Anyway, I’m a city girl and city girls walk places. I mean, we also have the subway and taxis and the ferry and zip cars, but, for the most part, if it’s under a mile and not separated by a body of water, I’m walking. Sometimes even if it’s 2 or 3 miles and I’m not in a rush. Occasionally 5 or 6 miles if I feel like taking a long walk home to Brooklyn.

Even New Yorkers that aren’t big into walking do it more than they think. Here are the basic NYC Walking Rules, as I’ve been able to determine them:

1. Walking 10 or 20 blocks is no big deal. (Equivalent to walking 1 or 2 blocks anywhere else.)

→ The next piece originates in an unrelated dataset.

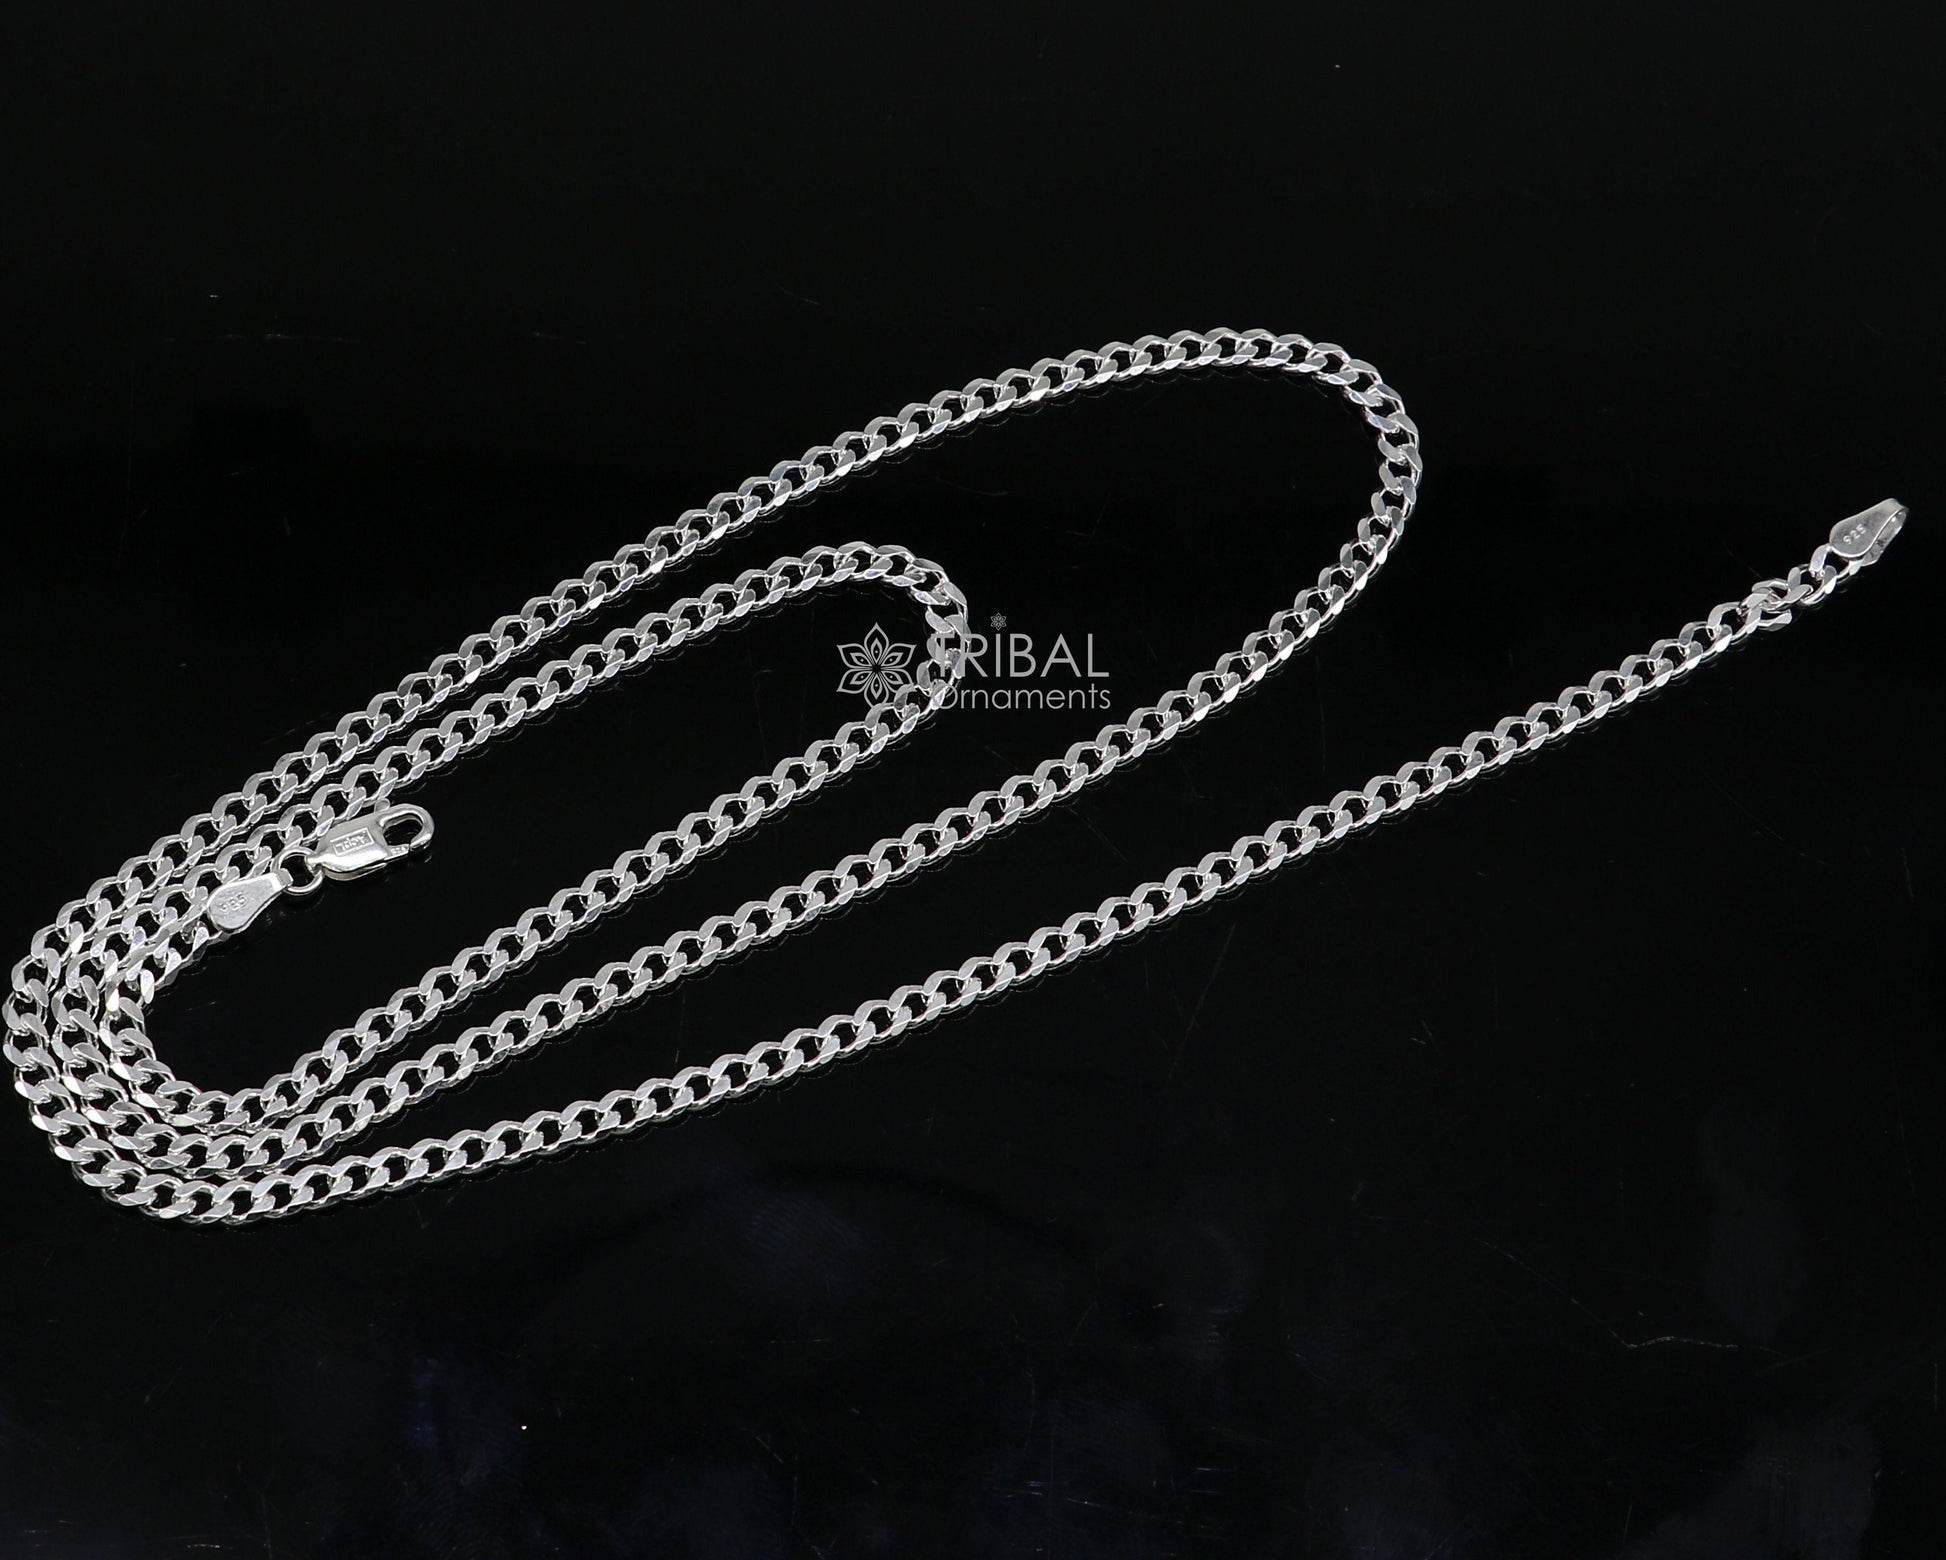 3mm 20"/24" solid 925 sterling silver handmade modern trendy design unique chain necklace giving it a distinctive and stylish look ch232 - TRIBAL ORNAMENTS

2. If it’s only 1 subway stop, we’re walking.

3. If it’s two avenues, F that. Cab it.

avenues vs blocks

It doesn’t even matter that 10 blocks is farther than 2 avenues.
Avenues are the worst.

4. (Personal rule) If I’m wearing heels, you’d better let me take a cab or I will ruin everyone’s night.

Anyway, the real reason I’m gaining weight is not because I’m married, as Daddy so politely suggested. It’s because I don’t walk as much now that I’m in the suburbs.

As such, I’ve tried turning Huntington into my own little metropolitan center, to the confusion of some most.

For example, I like to go to the library or Starbucks after work sometimes and walk home, at 11pm latest. Daddy doesn’t think I should be walking home so late at night. (Did I not used to live on my own in a slightly shady part of Brooklyn? Just checking.)

And last week, when I actually went out in Huntington for my friends’ birthdays, everyone thought it was weird that I wanted to walk home, even though it was about 3.5 blocks. However, it was 4am, and that cab ride I ended up bumming from Adri was pretty sweet. Hey! We have cabs in Huntington! See? It’s metropolitan after all. Oh wait, but you can’t hail them, so it doesn’t count.

Anyway, I don’t think I’ll be transforming Huntington into a walking culture any time soon. And, let’s be honest, if NYC had ample parking, walking would cease and the median BMI would go up to Philadelphia levels. (No offense, Philly. If I’d said “Houston levels”, you’d know I was exaggerating.)